* Activity *
For this exercise, return all the data word for word, with images left out.

* Stored data *
▼▼▼

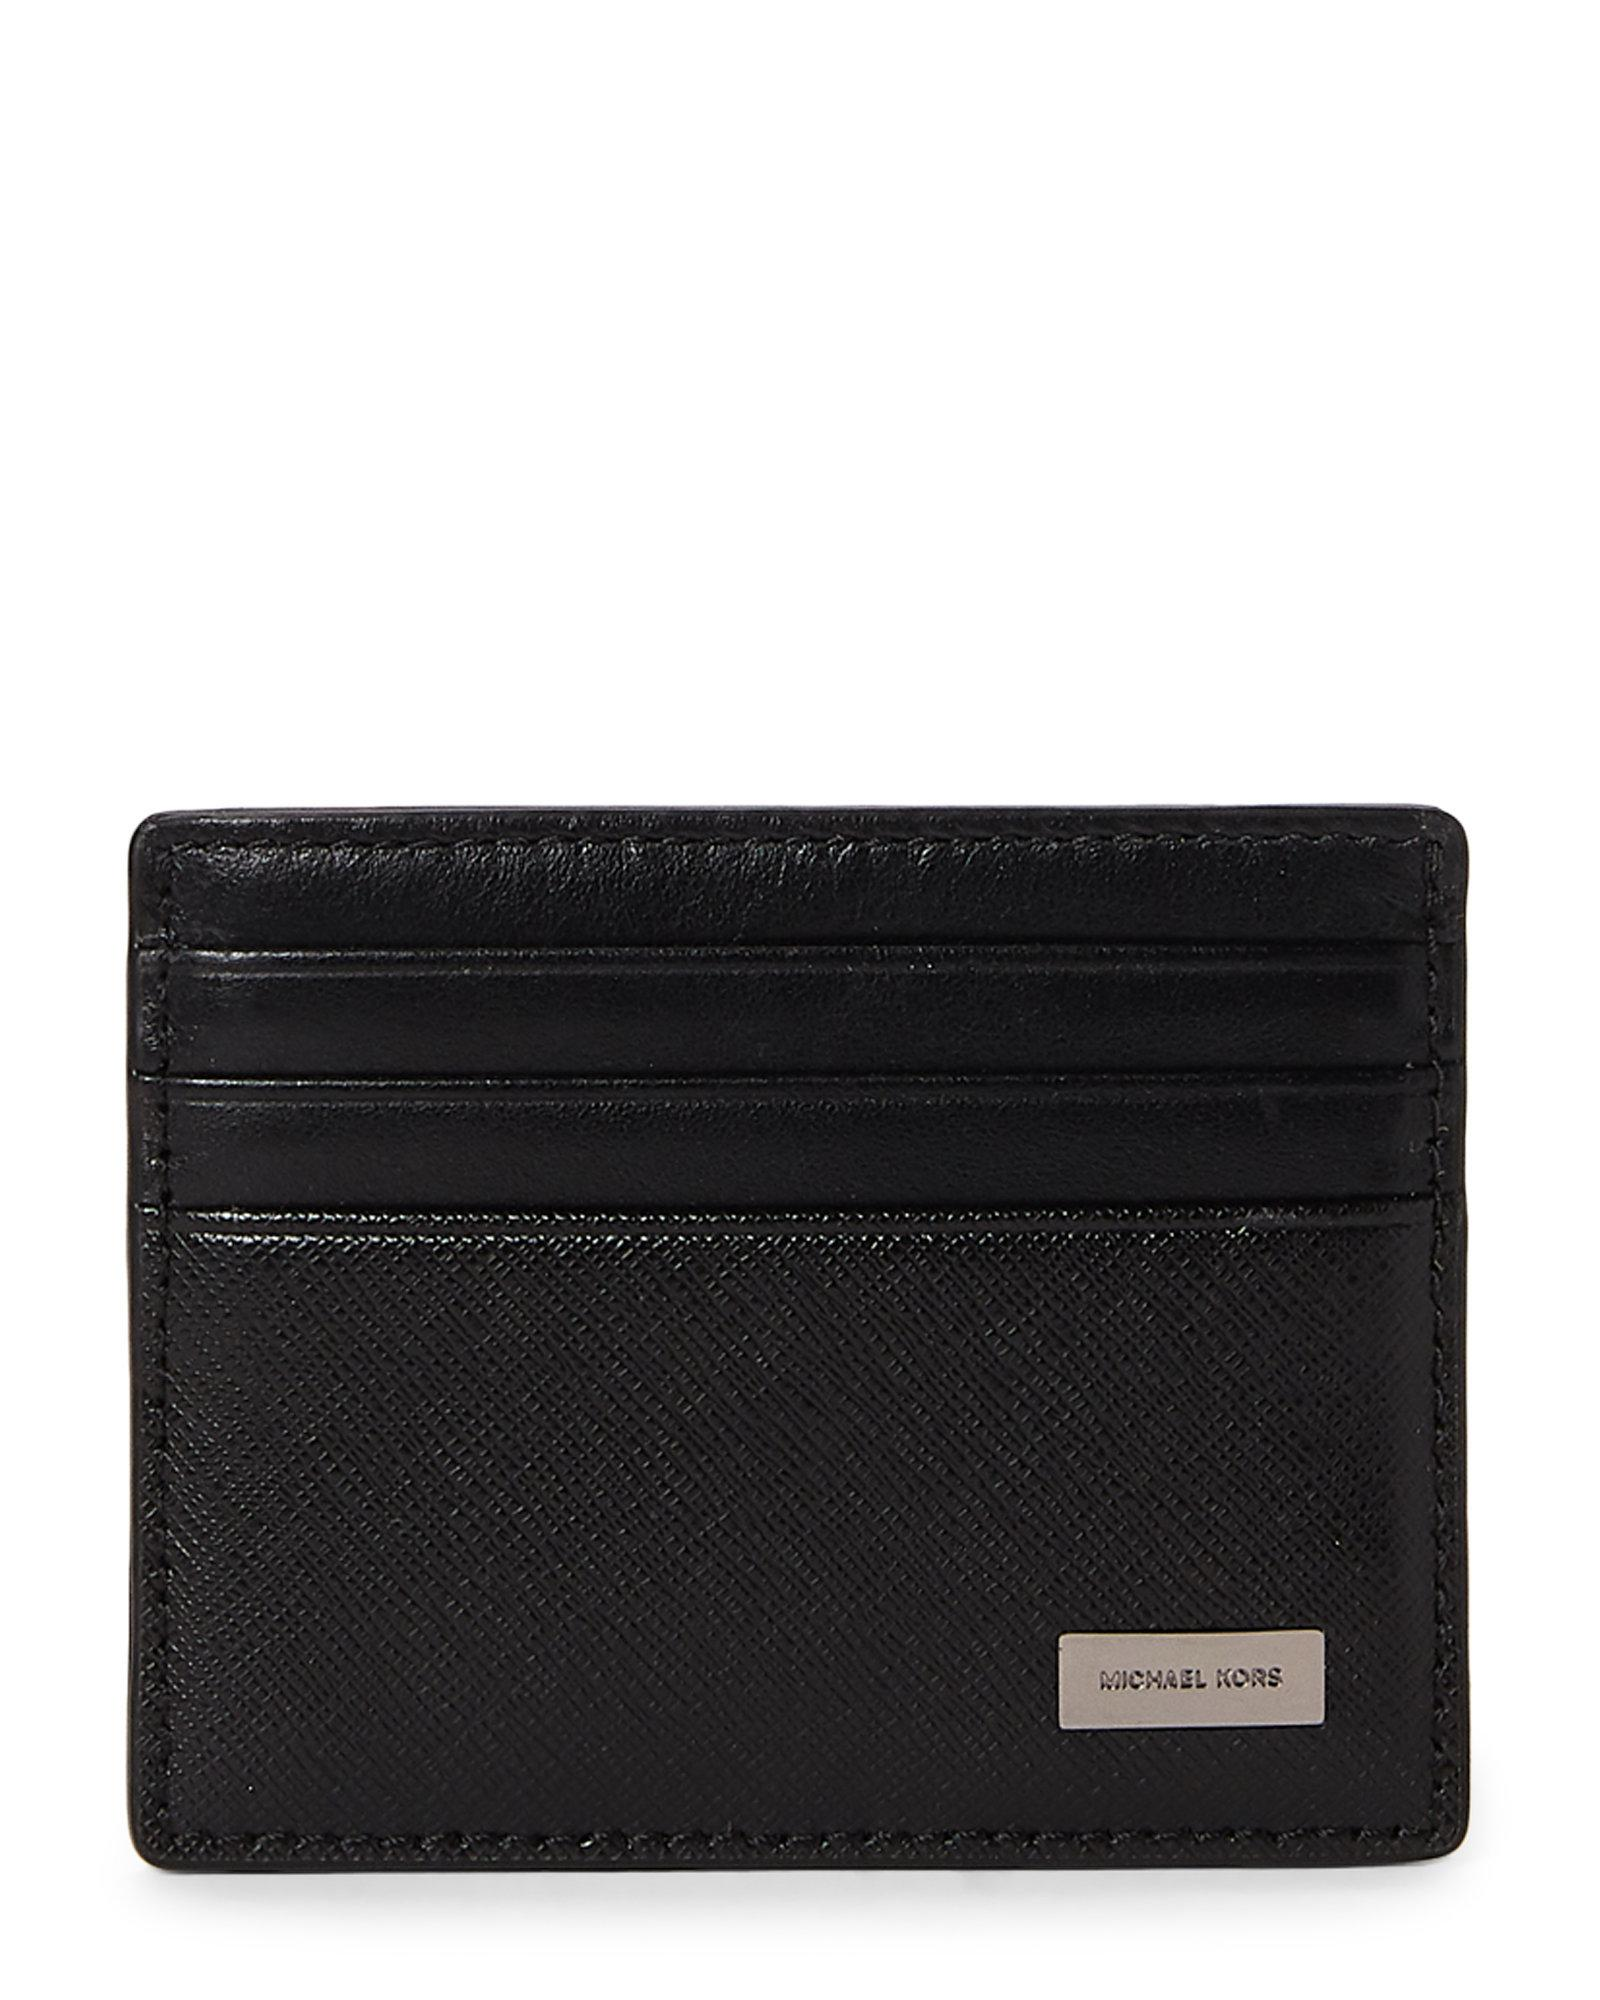 00332f7cd6805 Lyst - Michael Kors Black Leather Tall Card Case in Black for Men
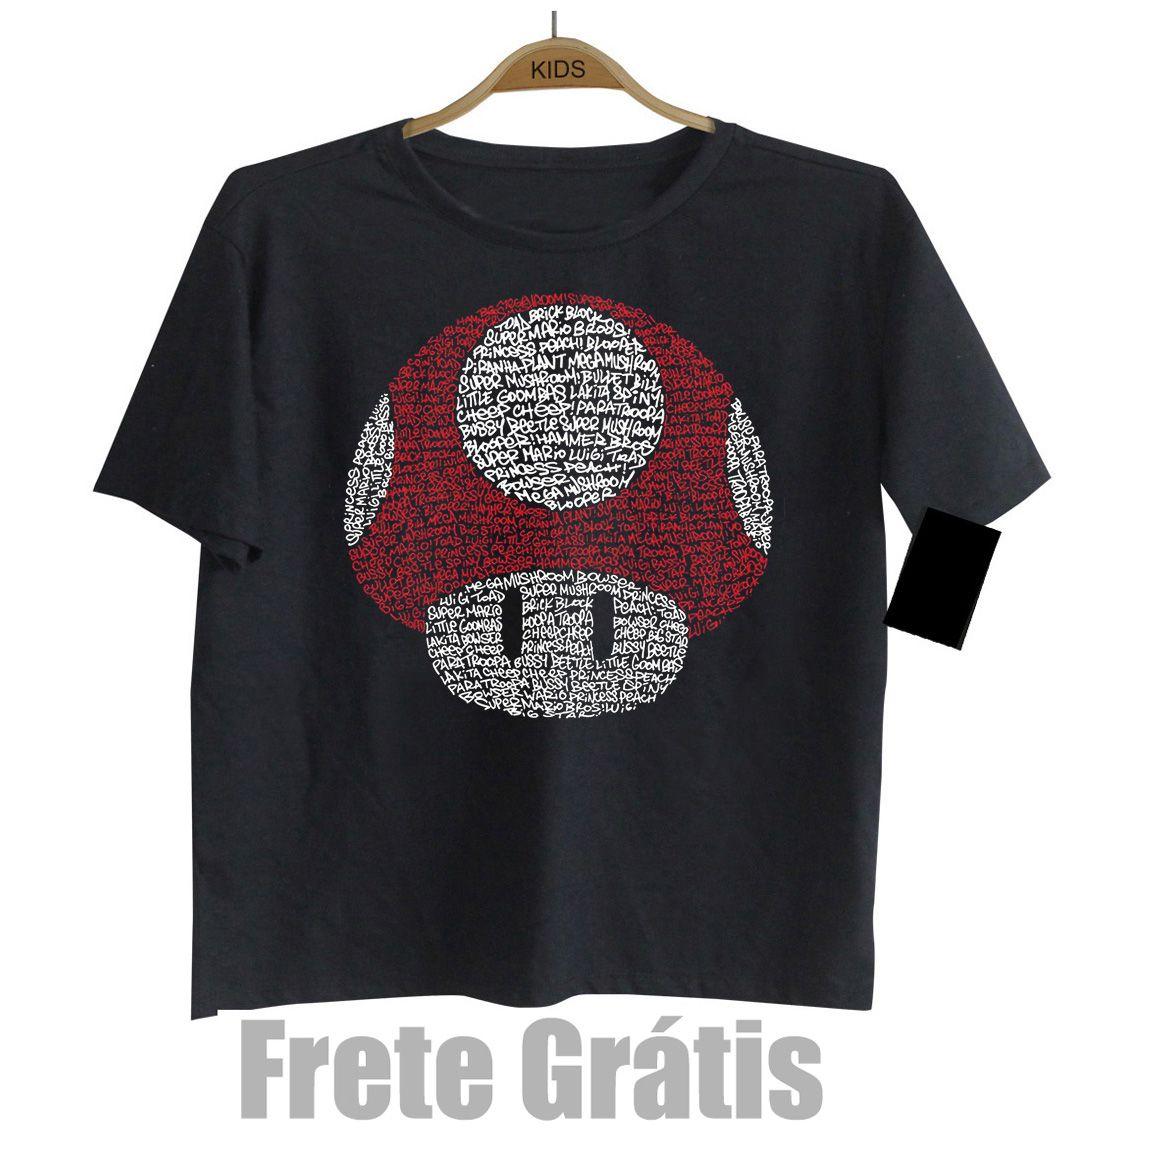 Camiseta Infantil Divertida Nerd Geek -  Mario Cogumelo - Black  - Baby Monster S/A
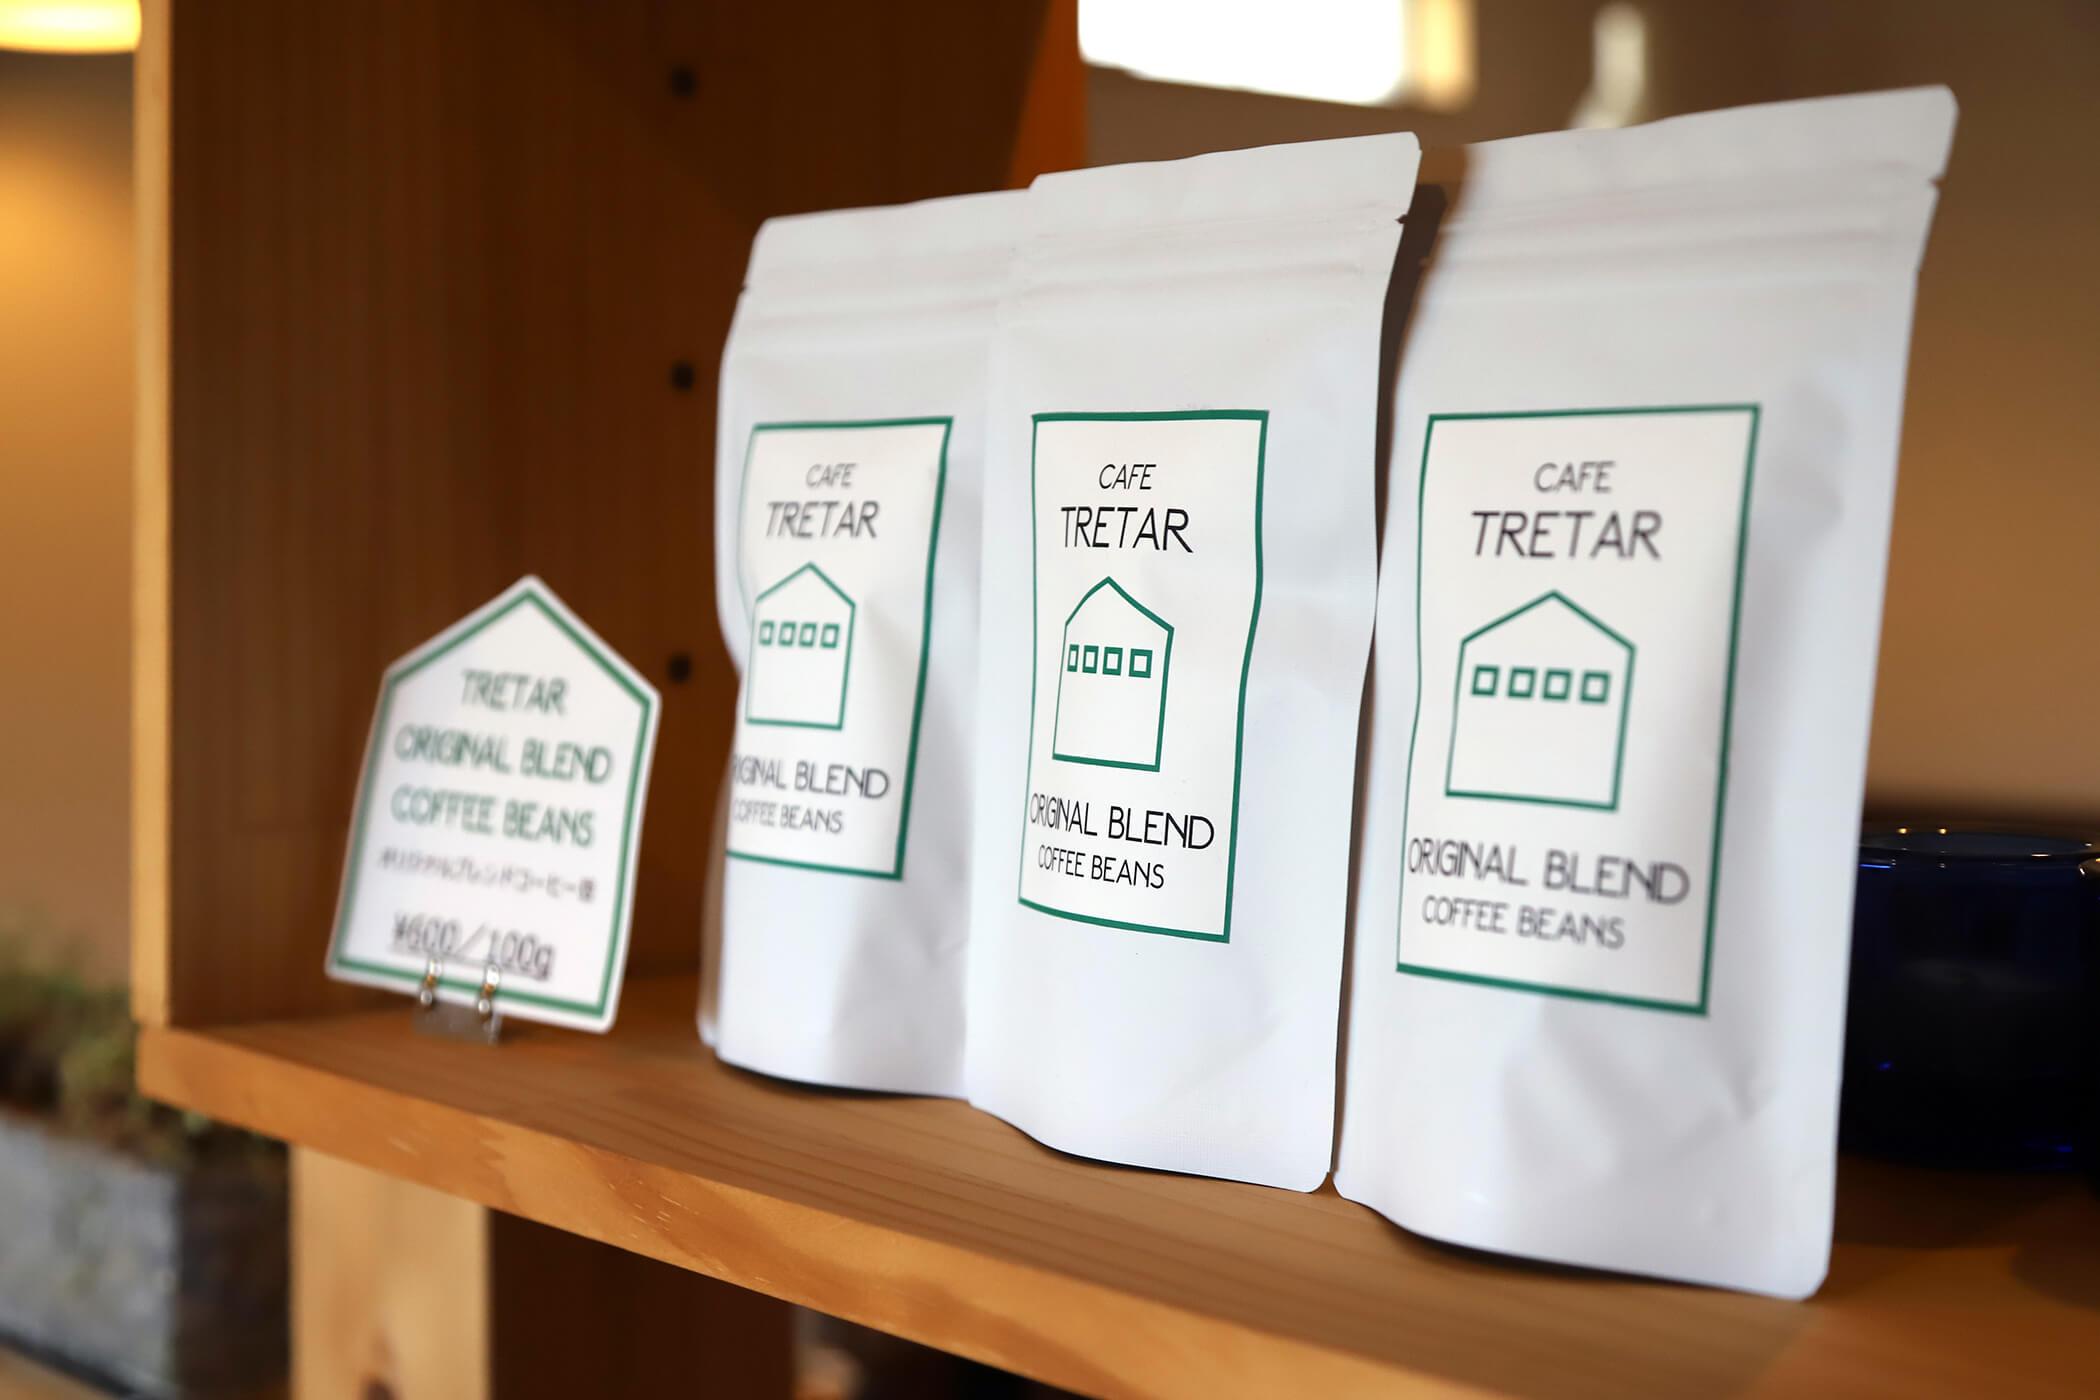 CAFE TRETAR 写真14

▲▲▲

* Exercise answer *
 00332f7cd6805 Lyst - Michael Kors Black Leather Tall Card Case in Black for Men
 Camiseta Infantil Divertida Nerd Geek -  Mario Cogumelo - Black  - Baby Monster S/A
 CAFE TRETAR 写真14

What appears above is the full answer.